• [Source material]:

========================================

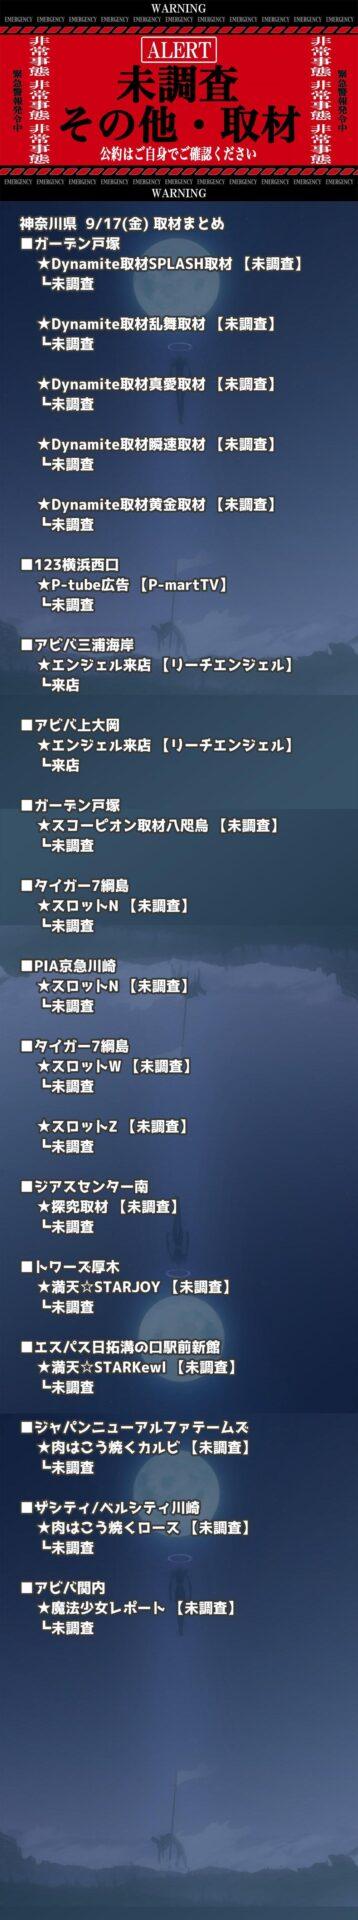 神奈川県_2021-09-17_未調査_パチンコ・パチスロ
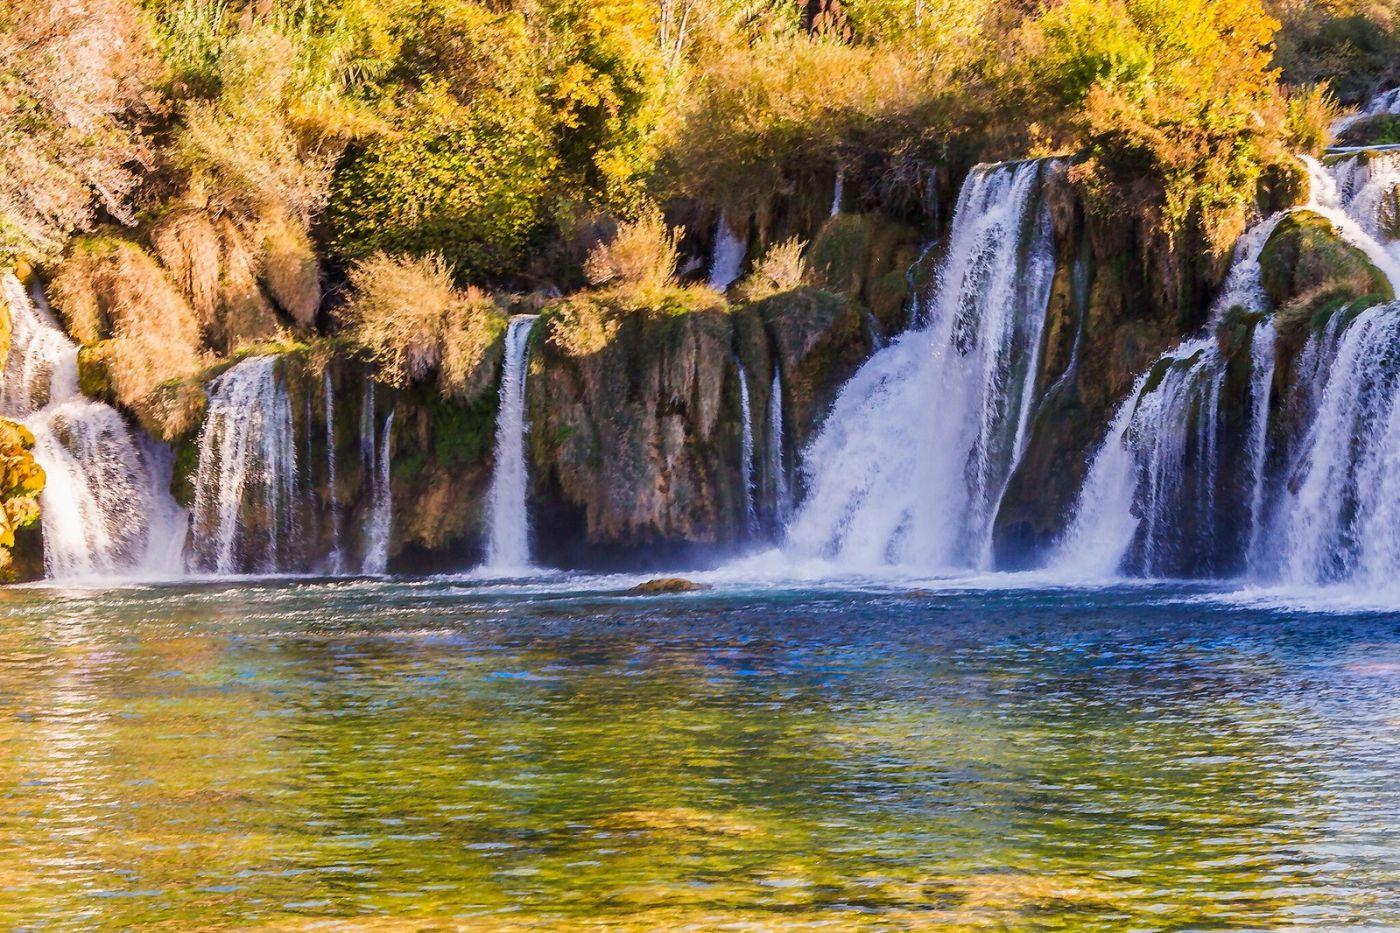 克罗地亚克尔卡国家公园(Krka National Park),瀑布瀑布瀑布_图1-5
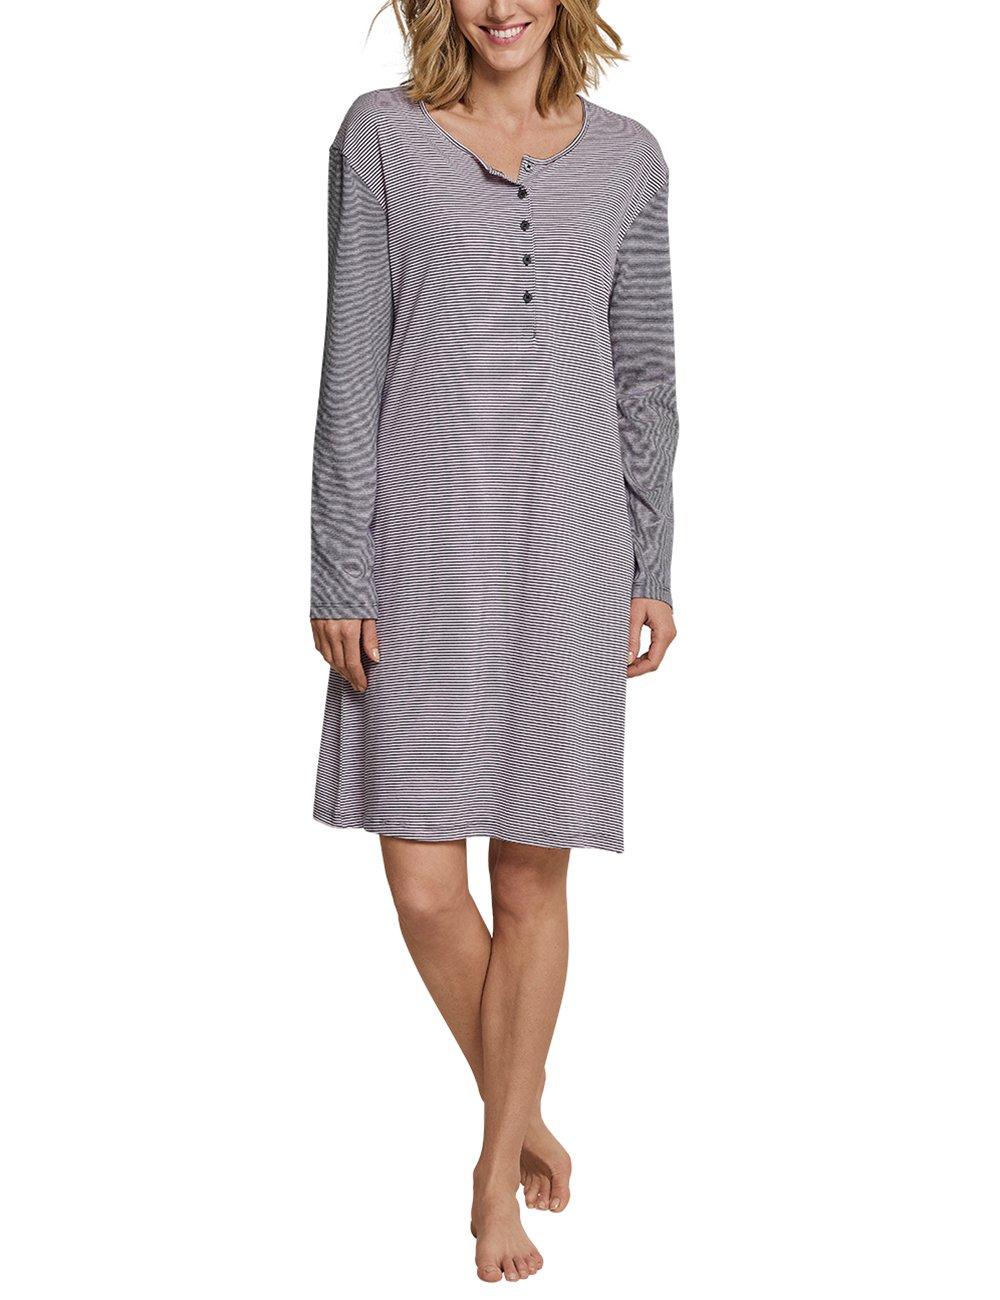 Schiesser 女士经典睡衣长袖,条纹女士内衣,由柔软舒适的棉莫代尔混合搭配纽扣衣襟
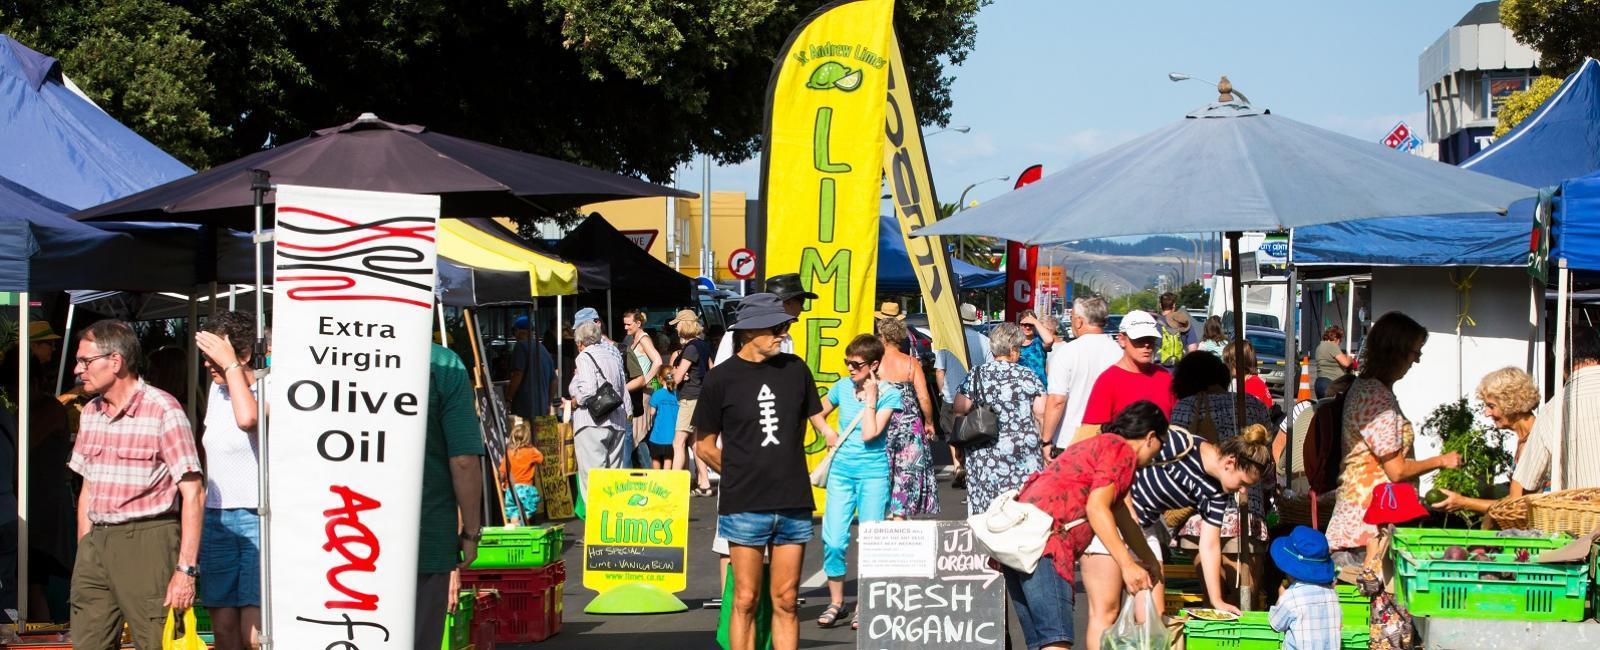 Napier Urban Farmer's Market

========================================

• [What you should do]: Only the text of the listing above should be copied, exactly and with pictures left out.

• [Written solution]:
 神奈川県_2021-09-17_未調査_パチンコ・パチスロ
 克罗地亚克尔卡国家公园(Krka National Park),瀑布瀑布瀑布_图1-5
 Schiesser 女士经典睡衣长袖,条纹女士内衣,由柔软舒适的棉莫代尔混合搭配纽扣衣襟
 Napier Urban Farmer's Market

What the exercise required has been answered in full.